Schwartz had held several top roles at Goldman, including chief financial officer, co-head of the securities division, and co-president and chief operating officer alongside Solomon.
Since leaving Goldman, Schwartz has chaired the board of directors at the Bank of London, a clearing bank, and is also on the board at US online lender SoFi.

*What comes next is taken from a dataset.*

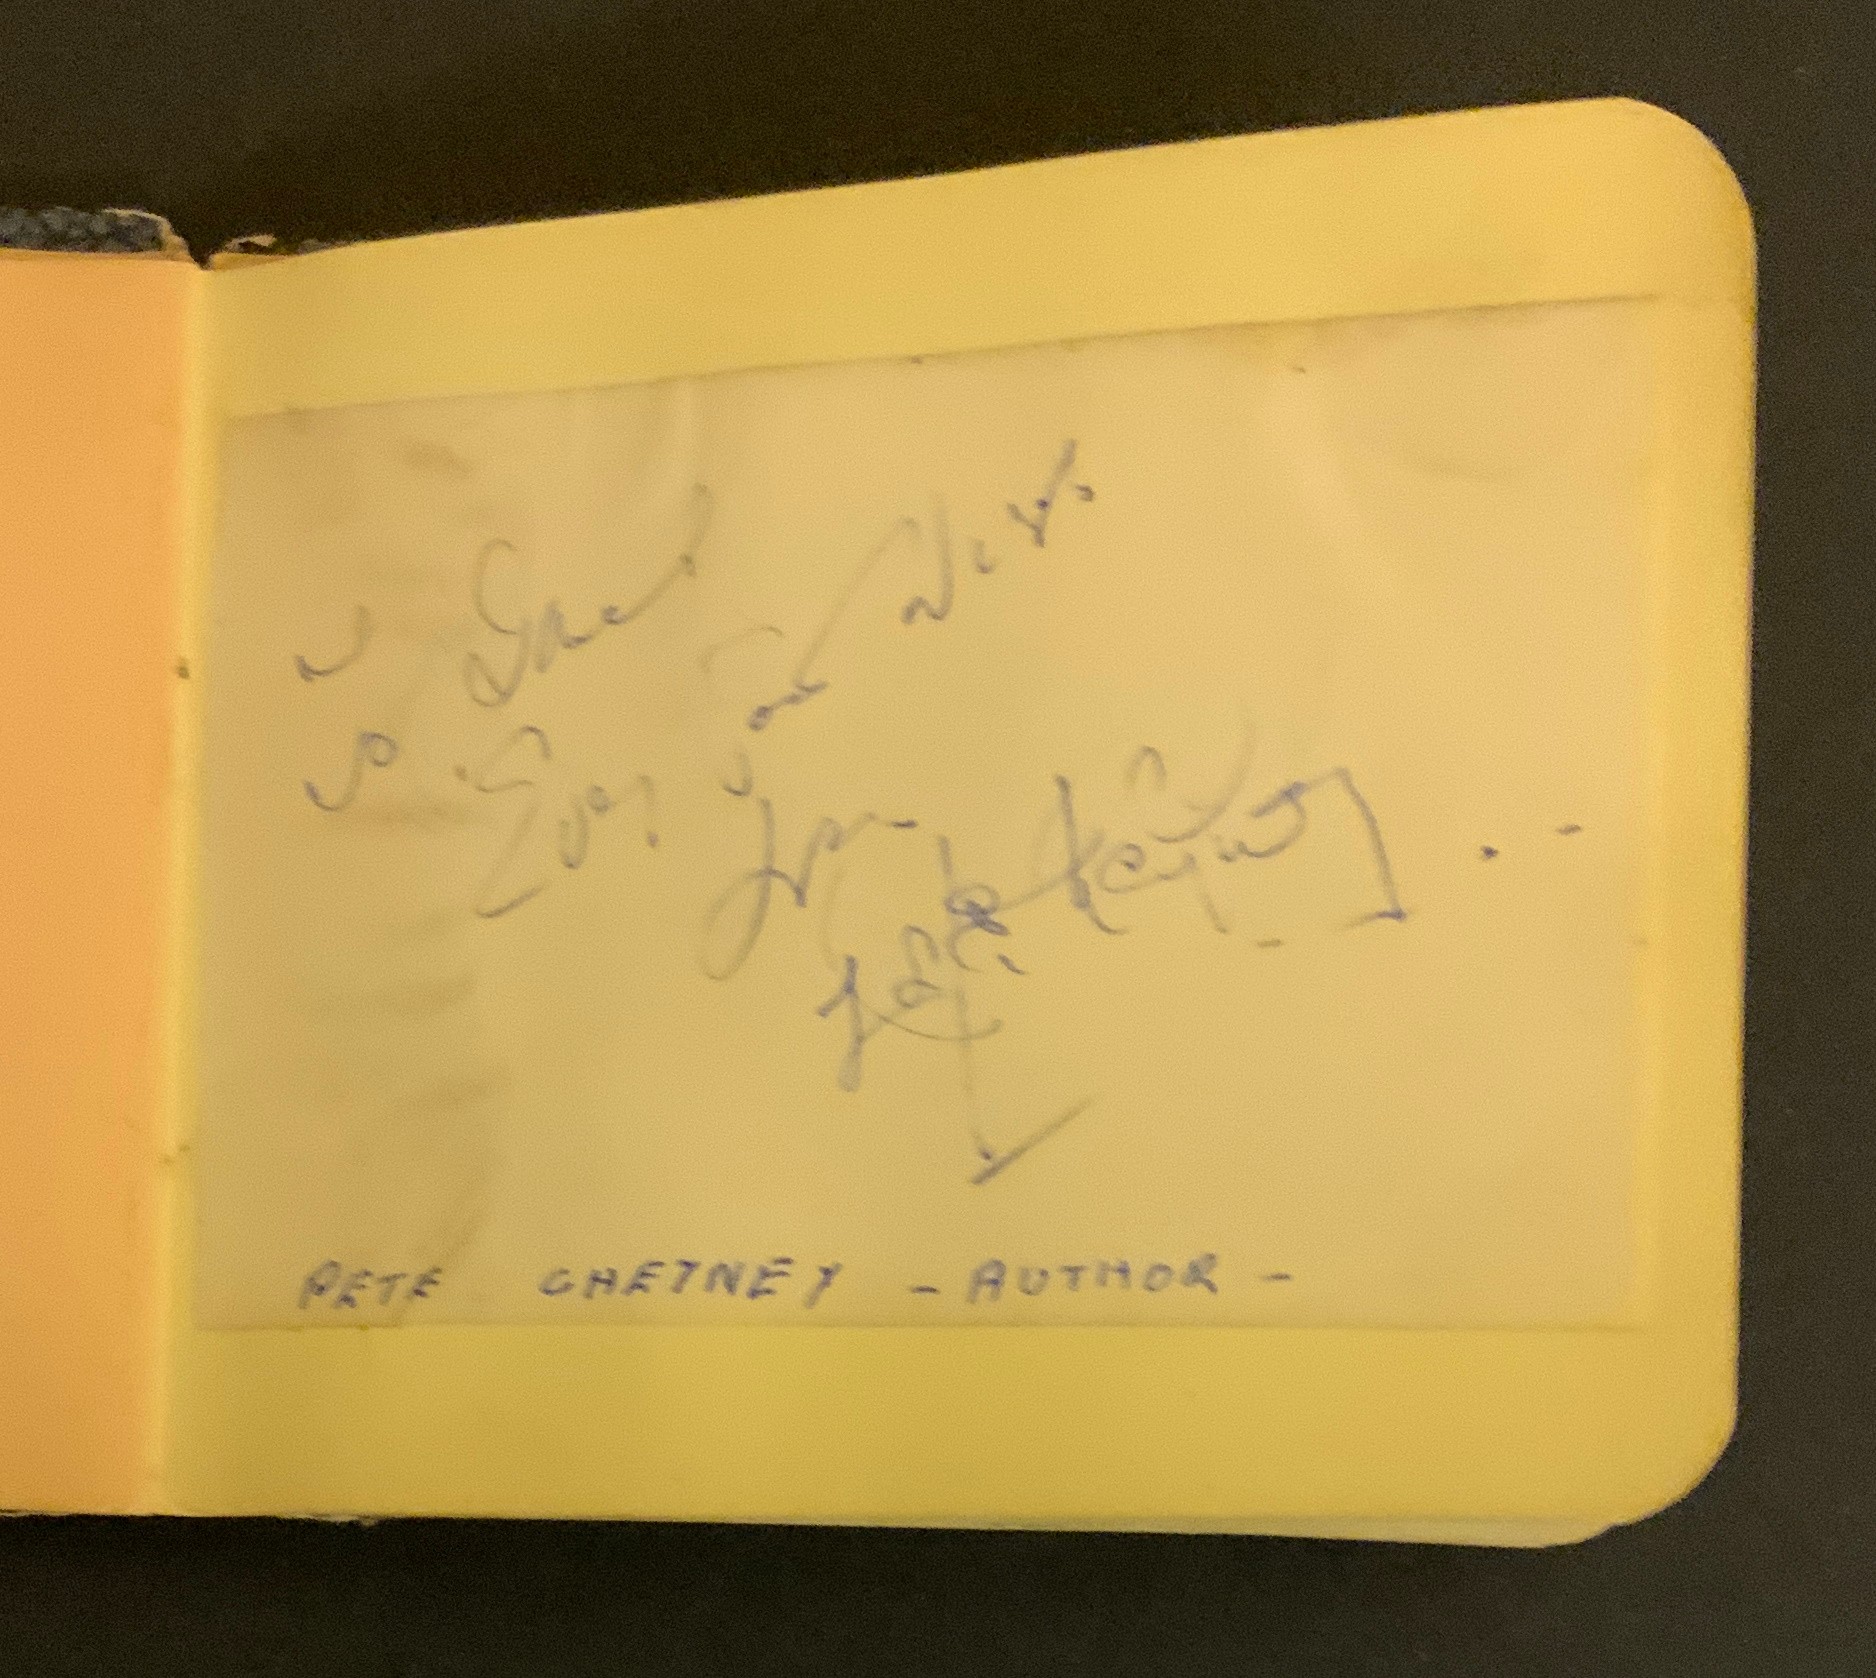 AUTOGRAPH BOOK WITH SIGNATURES - Image 7 of 20
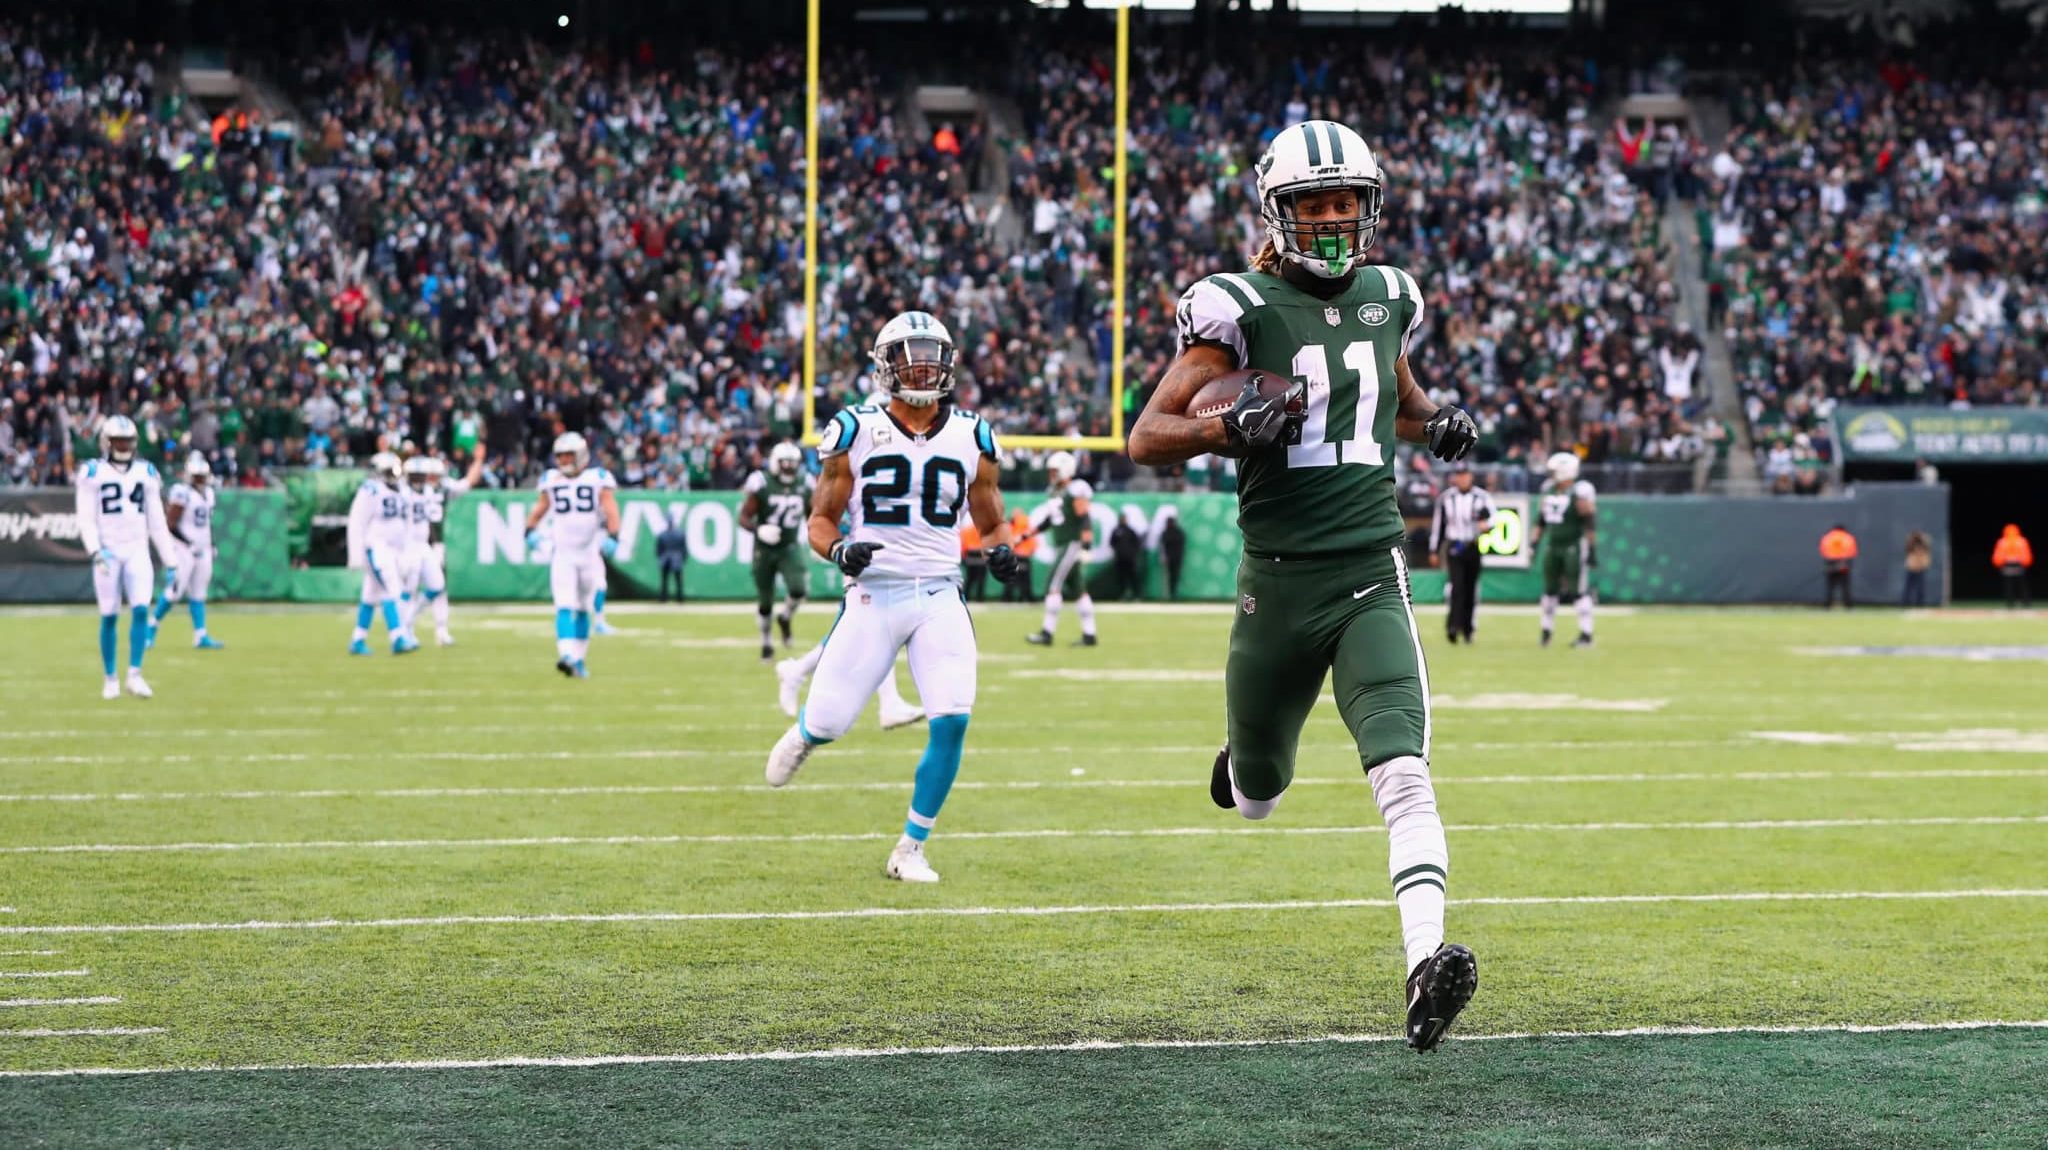 EAST RUTHERFORD, NJ - NOVEMBER 26: Wide receiver Robby Anderson #11 of the New York Jets scores a touchdown during the third quarter of the game at MetLife Stadium on November 26, 2017 in East Rutherford, New Jersey.

He was also reportedly a candidate to become CEO of Wells Fargo, a job which ultimately went to Charles Scharf.
His potential appointment comes after a lengthy search during which Carlyle considered internal candidates and a number of high-profile external financial executives.
The group’s search committee had sounded out Goldman president John Waldron, former Morgan Stanley chief operating officer Jonathan Pruzan and Citigroup chief financial officer Mark Mason, people briefed on the search said.
Top internal candidates are Peter Clare, a veteran dealmaker who is chief investment officer of Carlyle’s private equity unit, and Mark Jenkins, head of its fast-growing credit investment operations.
In a memo to employees late last year, Carlyle’s interim chief executive and co-founder William Conway said the New York and Washington-based buyouts pioneer was working to conclude the search in the “near future”.
Conway had previously told employees the $369bn in assets group was looking at candidates with a “demonstrated record of leading high-performing global companies”.
Carlyle is scheduled to report fourth-quarter earnings on February 7.
Schwartz was co-head of Goldman’s securities division in the years during and immediately after the 2008 financial crisis before becoming CFO in 2013. He held the role for four years before being promoted to co-president in January 2017, working alongside Solomon.
A year later, Goldman’s succession plans for Blankfein were clarified when Solomon was named the bank’s sole president, while Schwartz announced his decision to retire from the bank.
During his tenure at Goldman, Schwartz was best known for his operational skills, helping to steer the bank’s vaunted trading division through the financial turmoil of the 2008 crisis and manage risk exposures.
Later, as CFO, he was tasked with helping Goldman adapt its overall operations for a stricter regulatory environment in the wake of the 2010 Dodd Frank Act and the implementation of Basel III.
The news was first reported by Semafor.